Part of this engineering is dealing with the impact of various technology options and proposed specification elements on “domainability” of the whole.  For example, we know that SDN has two modes of route control.  One says the controller simply lays out routes based on a central topology understanding and analytics on device behavior.  The other says that when a packet is presented at a switch with new forwarding needs, the switch asks the controller for handling.  I think everyone understands that there are strengths and limitations to both these modes, but do we know what they are to the point where we could size controllers and domains?  I doubt it.

Part of the problem is goes back to federation.  We know based on cloud computing and OpenStack experience that there’s a limit to the size of a domain that a given instance of OpenStack can support.  Some of the elements are single-thread, and it’s hard to see how you avoid that when (as I noted above) resource grants have to be coordinated to make sure several control points don’t grab the same thing.  How does that serialization happen, and what’s the performance implications for the mechanism we’ve selected?

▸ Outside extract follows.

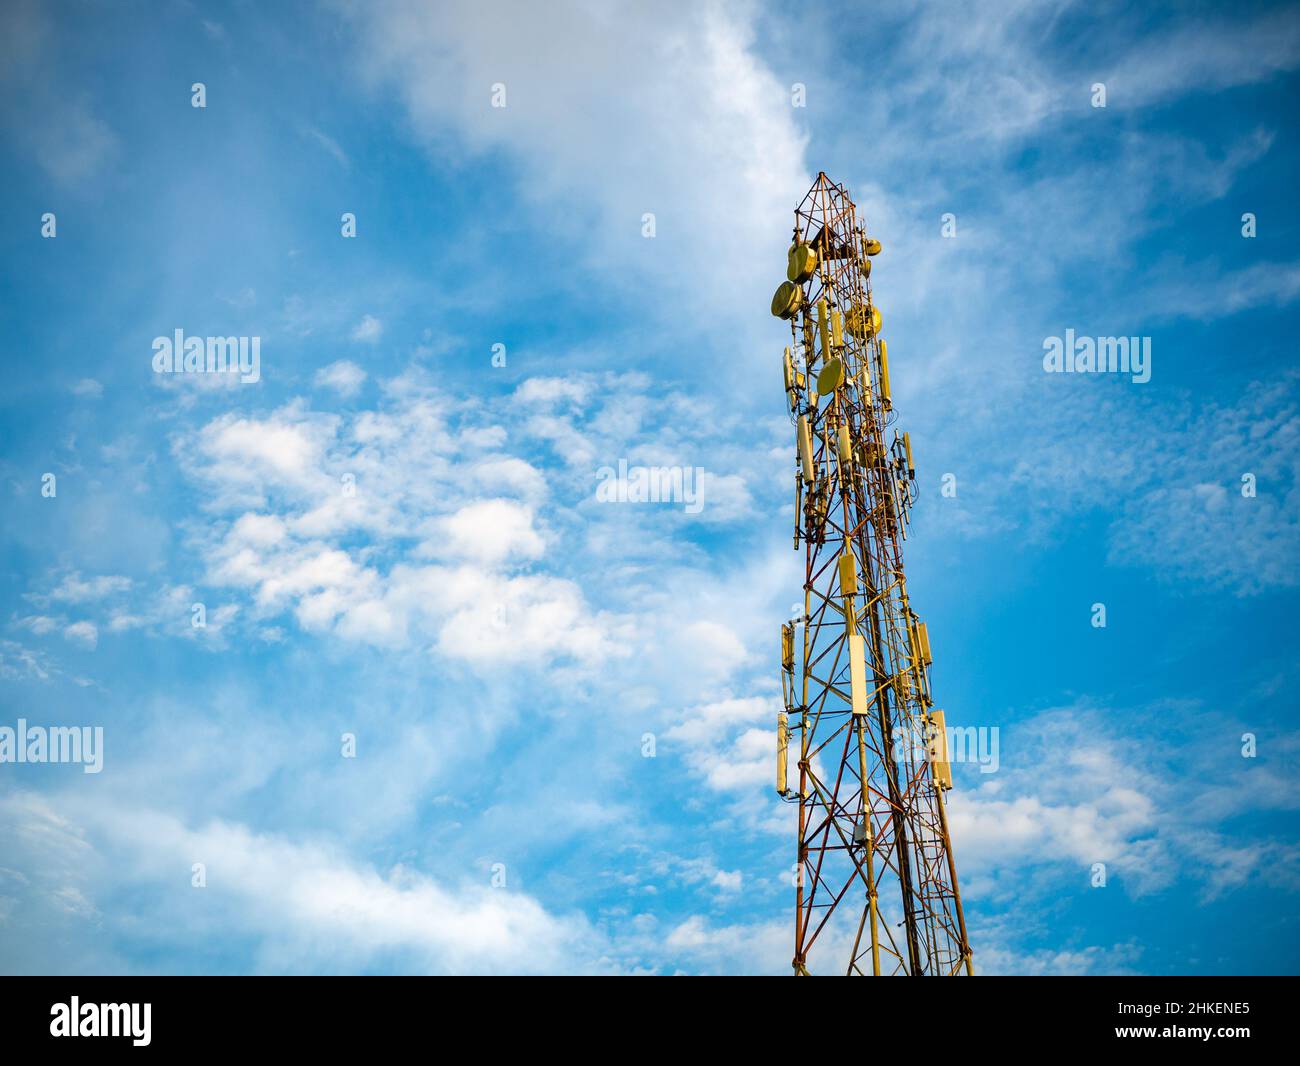 Mobile telecommunication tower or cell tower with antennae and electronic communications equipments Stock Photo

My operator friend is right; we’ve not really dug into at-scale SDN or NFV as strongly as we should have, and as a result most prospective users (and some actual users) don’t understand what might happen if an event creates a flood of changes.  I’ve had plenty of experiences in the networking industry where a small situation caused a cascade of problems that swamped the whole of a network.  The worst example I ever saw of an enterprise network failure, one that impacted almost sixty locations and over ten thousand workers in a mission-critical field, started with a link error.  The escalation to disaster wasn’t caused because the error spread, but by the fact that the remediation overloaded critical management elements way past the point of surviving or failing gracefully.  Neither SDN nor NFV can afford that, and while I think both technologies can be made to scale, federate, and survive, I don’t think we’re as close to being able to do that as we should be.